When I was finally diagnosed with endometriosis, my world changed.
I’ll never forget the moment I felt like my pain was being taken seriously. And that diagnosis meant everything to me.
It meant relief from holding my breath, waiting for answers. It meant validation – knowing that it wasn’t all in my head, as had been suggested. And it meant reckoning. It meant accepting that I could have had treatment much earlier if I had been listened to.
I wasn’t alone.
On average, endometriosis takes 6.5 years to diagnose, according to the American Medical Association. During that time, women endure fertility struggles, hormonal upset, emotional fatigue, and sometimes debilitating chronic pain.
Why Do Men Get Better Treatment?
But this isn’t just about one condition, this is about medical gaslighting.
It’s about women experiencing longer wait times in emergency rooms for the same pain as men. It’s about men receiving opioids for pain after surgery, while women are sent home with Tylenol, and told to lose weight.

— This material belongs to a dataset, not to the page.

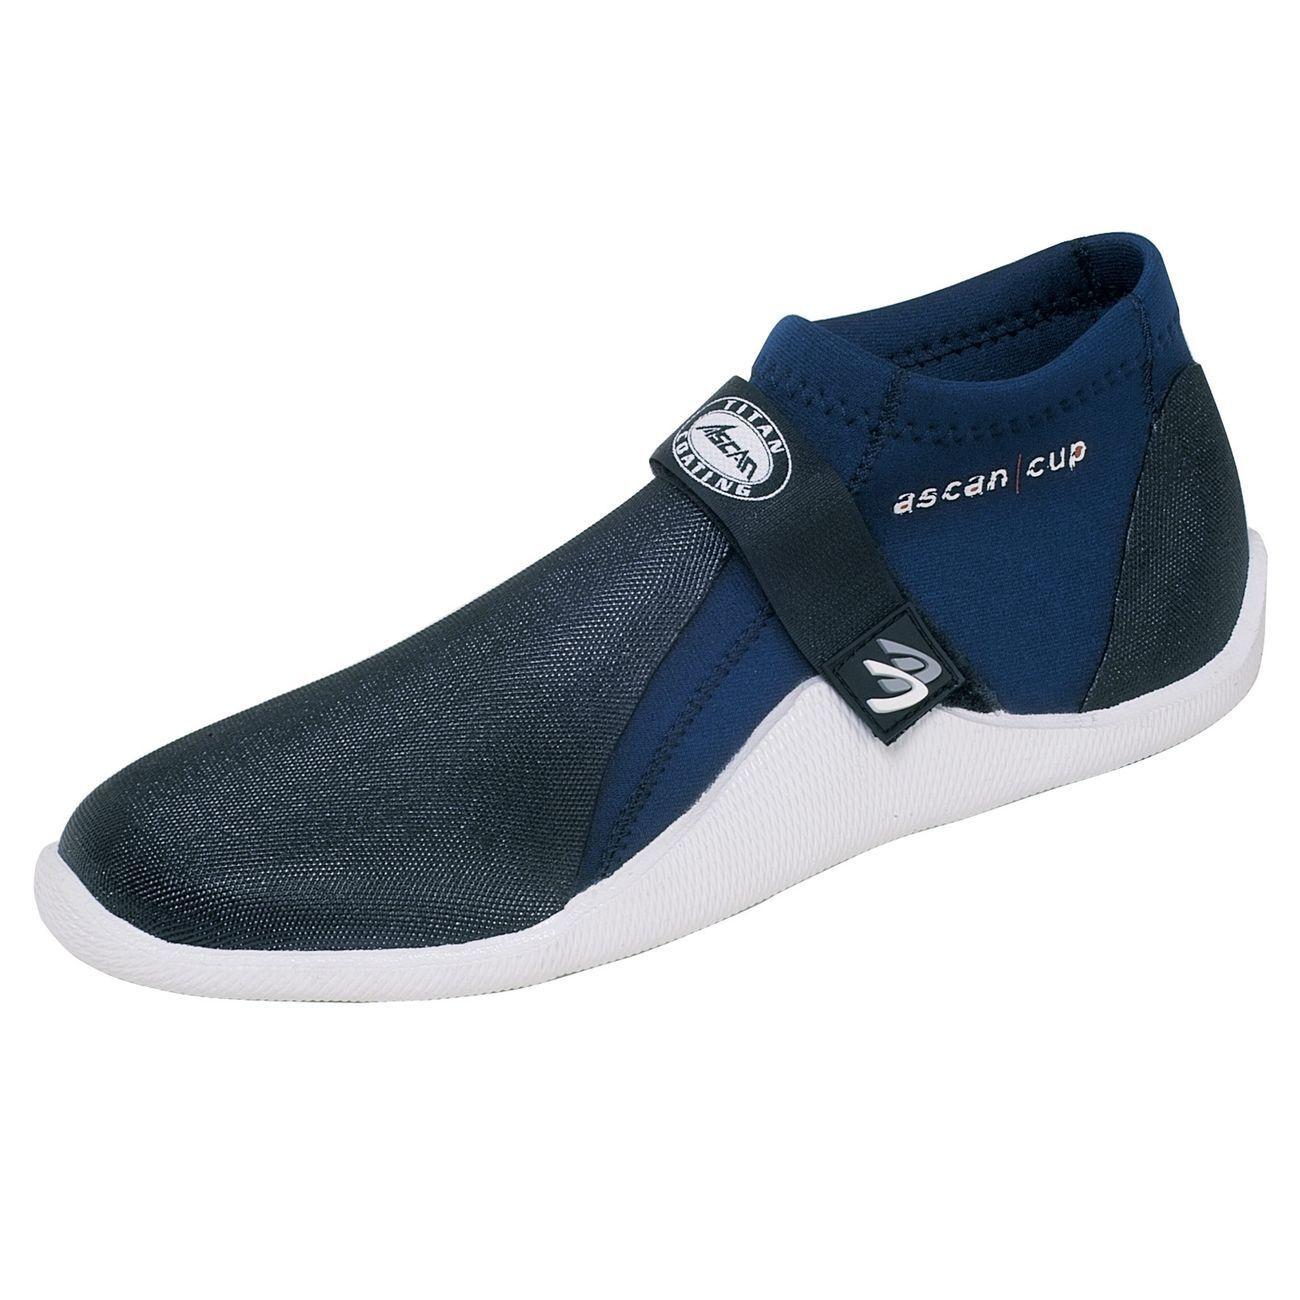 Ascan Neoprenschuh CUP Dinghy - Schuhe aus Neopren speziell für Segler - NEU  | New Style

In rural Texas, 28 percent of mothers live more than 30-miles from a hospital.
With so many challenges to receiving healthcare in West Texas, when we finally get to see a doctor, we can’t afford to be ignored — especially when we’re taking off work to be there.
Access to care should not be a luxury. It should be a guarantee.
Women’s pain must be taken seriously.
We deserve to be treated with dignity, and we deserve to be believed.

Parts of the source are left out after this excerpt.